● **What you will do**
Copy each line below as it stands, but skip any picture it contains.

● **The data**
# # #

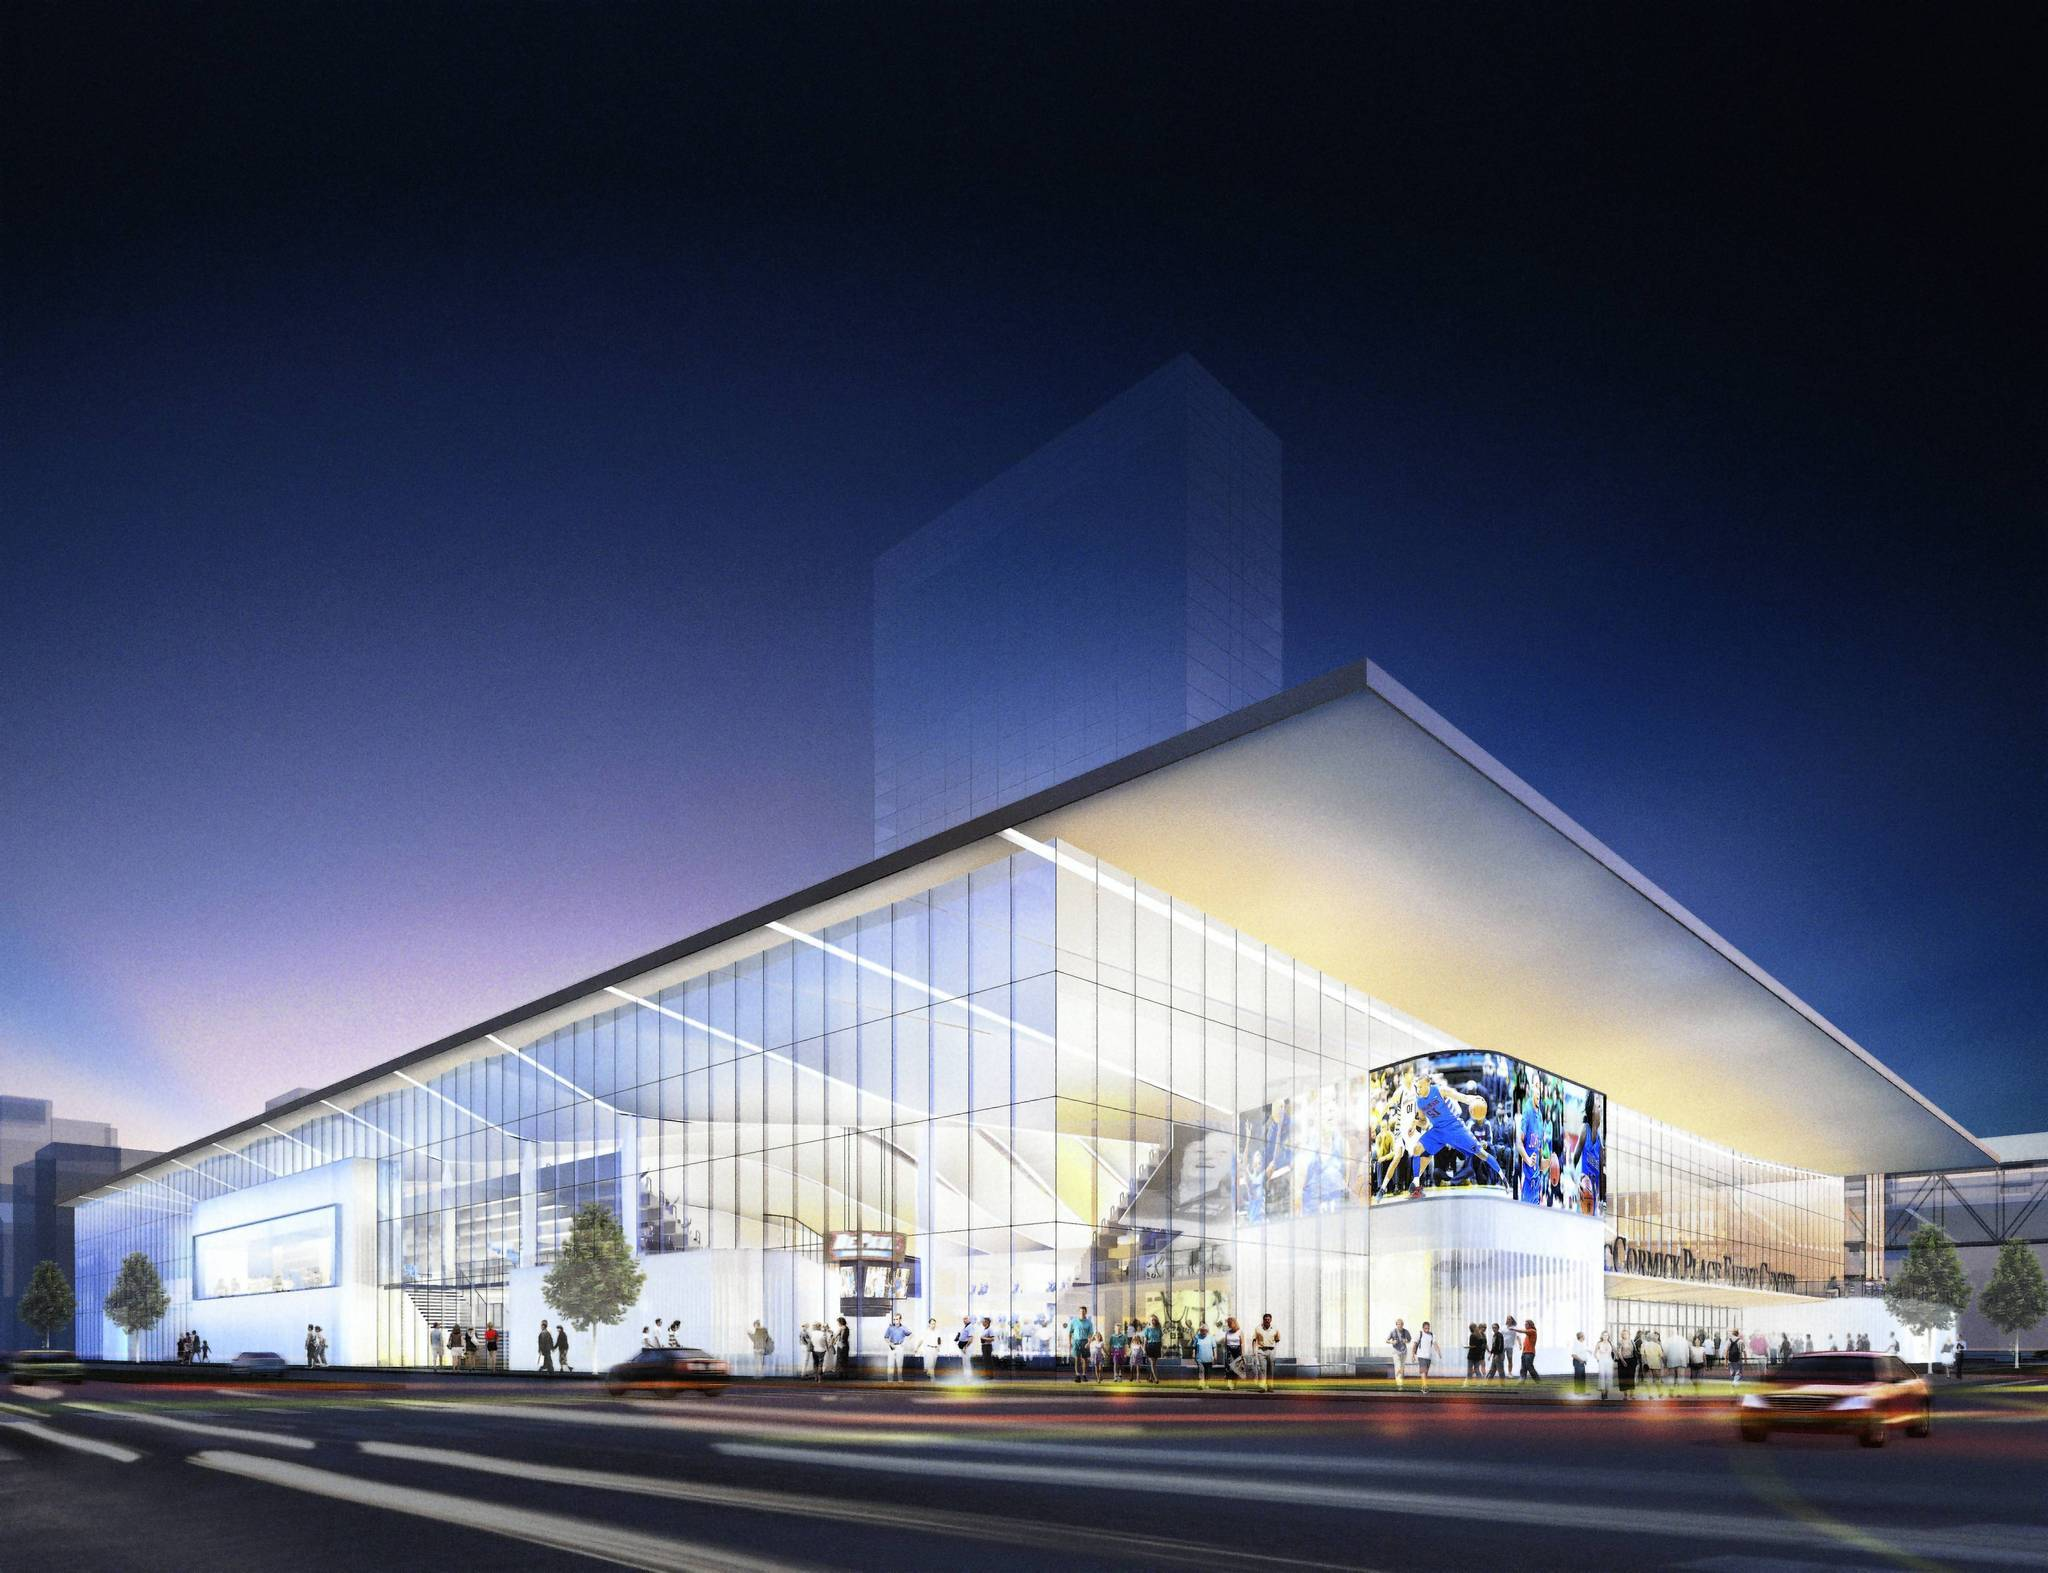 DePaul delays debut of basketball arena
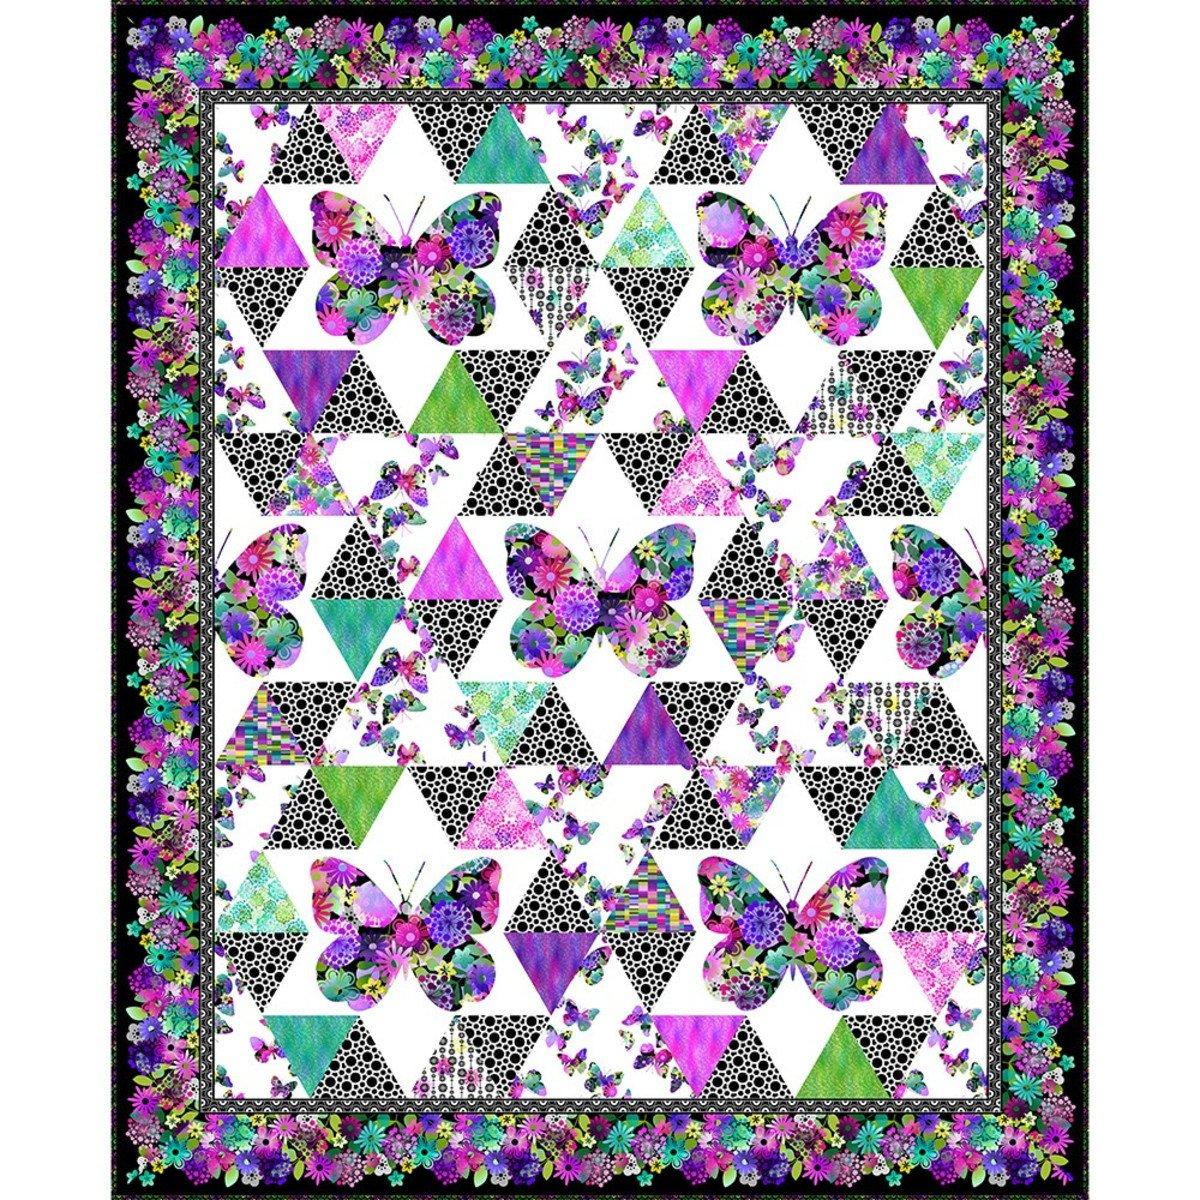 A Groovy Garden Butterfly Quilt Pattern
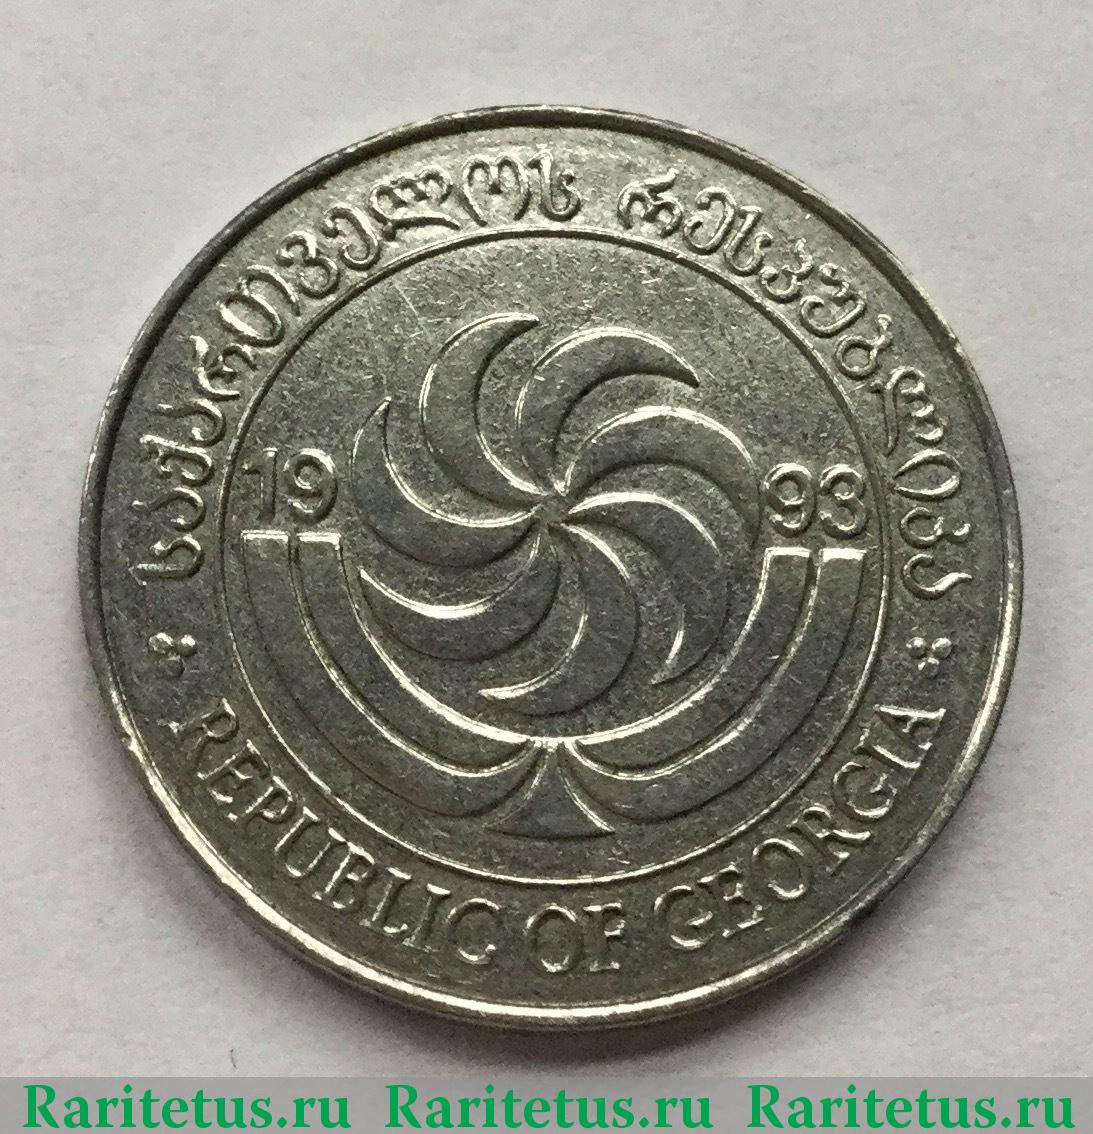 Geeorga монета 1998 года купить бонны артикугля

# # #

● **Solution**
 DePaul delays debut of basketball arena
 A Groovy Garden Butterfly Quilt Pattern
 Geeorga монета 1998 года купить бонны артикугля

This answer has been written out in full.